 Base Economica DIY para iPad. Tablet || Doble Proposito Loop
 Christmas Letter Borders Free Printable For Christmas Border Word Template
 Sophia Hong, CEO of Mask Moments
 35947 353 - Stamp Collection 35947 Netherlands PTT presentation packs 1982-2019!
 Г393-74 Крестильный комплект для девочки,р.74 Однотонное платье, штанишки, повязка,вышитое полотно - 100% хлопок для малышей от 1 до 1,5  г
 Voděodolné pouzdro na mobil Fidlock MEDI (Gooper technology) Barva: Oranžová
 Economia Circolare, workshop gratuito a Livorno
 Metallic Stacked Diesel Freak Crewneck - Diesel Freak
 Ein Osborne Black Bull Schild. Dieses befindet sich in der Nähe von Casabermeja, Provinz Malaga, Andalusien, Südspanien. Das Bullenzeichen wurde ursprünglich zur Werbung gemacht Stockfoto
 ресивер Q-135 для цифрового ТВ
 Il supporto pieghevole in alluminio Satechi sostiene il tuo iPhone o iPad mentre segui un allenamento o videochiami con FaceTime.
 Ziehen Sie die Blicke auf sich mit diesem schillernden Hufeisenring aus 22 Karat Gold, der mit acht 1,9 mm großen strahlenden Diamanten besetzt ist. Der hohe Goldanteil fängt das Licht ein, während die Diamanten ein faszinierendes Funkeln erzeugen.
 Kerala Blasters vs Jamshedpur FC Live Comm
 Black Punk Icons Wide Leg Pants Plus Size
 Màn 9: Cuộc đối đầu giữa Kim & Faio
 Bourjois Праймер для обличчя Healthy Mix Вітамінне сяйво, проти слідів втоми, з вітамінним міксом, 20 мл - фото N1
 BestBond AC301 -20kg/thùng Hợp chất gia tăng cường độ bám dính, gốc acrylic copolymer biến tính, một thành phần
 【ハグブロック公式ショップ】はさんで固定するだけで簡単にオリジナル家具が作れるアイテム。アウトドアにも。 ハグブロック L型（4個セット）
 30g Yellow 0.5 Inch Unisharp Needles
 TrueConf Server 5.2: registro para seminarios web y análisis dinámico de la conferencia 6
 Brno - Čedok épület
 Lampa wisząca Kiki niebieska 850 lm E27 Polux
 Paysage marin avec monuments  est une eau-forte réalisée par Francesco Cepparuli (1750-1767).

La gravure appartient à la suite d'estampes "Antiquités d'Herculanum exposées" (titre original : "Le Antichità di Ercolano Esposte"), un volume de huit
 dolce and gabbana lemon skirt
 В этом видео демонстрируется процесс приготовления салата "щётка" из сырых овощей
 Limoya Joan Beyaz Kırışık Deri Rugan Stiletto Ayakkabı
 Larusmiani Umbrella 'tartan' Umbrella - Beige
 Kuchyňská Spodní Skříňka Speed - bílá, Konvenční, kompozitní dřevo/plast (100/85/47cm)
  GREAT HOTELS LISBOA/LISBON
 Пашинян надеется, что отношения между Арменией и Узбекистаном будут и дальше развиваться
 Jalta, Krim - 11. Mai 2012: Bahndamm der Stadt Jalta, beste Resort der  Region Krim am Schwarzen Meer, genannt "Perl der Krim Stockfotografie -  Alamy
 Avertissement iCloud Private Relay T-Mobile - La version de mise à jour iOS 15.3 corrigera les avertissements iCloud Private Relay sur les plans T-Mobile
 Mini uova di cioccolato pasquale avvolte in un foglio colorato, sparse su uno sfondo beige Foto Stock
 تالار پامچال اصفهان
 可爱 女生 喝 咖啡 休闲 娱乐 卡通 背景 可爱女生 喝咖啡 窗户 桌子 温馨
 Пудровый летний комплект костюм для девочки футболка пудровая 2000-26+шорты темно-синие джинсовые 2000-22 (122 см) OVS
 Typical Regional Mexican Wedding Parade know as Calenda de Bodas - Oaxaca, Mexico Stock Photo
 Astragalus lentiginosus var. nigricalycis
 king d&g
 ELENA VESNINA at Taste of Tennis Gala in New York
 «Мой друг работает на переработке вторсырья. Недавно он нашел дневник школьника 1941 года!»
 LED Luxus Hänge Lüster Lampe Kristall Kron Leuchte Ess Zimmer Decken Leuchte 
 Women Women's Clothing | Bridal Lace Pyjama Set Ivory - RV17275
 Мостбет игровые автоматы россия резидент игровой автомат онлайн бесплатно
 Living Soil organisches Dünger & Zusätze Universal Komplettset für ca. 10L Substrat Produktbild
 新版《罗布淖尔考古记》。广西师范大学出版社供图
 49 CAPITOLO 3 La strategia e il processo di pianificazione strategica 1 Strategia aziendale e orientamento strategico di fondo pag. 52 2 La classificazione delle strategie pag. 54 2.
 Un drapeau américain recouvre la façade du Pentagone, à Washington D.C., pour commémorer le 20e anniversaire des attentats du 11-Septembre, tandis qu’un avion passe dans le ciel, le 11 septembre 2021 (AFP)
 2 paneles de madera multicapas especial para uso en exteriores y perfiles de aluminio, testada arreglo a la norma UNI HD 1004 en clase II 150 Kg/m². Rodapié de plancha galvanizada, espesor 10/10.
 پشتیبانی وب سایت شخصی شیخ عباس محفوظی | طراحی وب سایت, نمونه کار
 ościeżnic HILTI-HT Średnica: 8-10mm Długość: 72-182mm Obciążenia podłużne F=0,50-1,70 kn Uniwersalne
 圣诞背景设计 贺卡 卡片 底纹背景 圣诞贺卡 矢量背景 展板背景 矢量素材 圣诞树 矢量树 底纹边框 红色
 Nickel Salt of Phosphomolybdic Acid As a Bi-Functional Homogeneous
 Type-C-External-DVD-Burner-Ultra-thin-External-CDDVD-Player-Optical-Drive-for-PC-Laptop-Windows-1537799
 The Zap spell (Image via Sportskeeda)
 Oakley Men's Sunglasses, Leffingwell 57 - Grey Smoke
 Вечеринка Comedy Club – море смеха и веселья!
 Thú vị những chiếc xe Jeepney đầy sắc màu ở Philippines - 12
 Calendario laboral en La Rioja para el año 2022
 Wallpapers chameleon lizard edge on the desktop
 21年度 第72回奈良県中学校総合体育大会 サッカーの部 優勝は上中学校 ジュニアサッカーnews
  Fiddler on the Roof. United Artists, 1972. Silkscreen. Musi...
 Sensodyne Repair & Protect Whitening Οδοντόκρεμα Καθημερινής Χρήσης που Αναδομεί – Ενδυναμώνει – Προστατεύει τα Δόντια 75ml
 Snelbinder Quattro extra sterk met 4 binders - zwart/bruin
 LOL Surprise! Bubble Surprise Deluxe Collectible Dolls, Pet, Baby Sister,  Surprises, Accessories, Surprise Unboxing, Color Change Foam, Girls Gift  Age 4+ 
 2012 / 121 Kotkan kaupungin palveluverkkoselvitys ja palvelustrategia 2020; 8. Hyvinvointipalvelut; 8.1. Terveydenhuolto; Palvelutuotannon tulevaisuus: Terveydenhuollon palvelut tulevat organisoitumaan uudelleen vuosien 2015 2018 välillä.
----------------------------------------
- What you need to do: Look through the listing, and copy each line that contains the word "iPad".

- Solved exercise:
 Base Economica DIY para iPad. Tablet || Doble Proposito Loop
 Il supporto pieghevole in alluminio Satechi sostiene il tuo iPhone o iPad mentre segui un allenamento o videochiami con FaceTime.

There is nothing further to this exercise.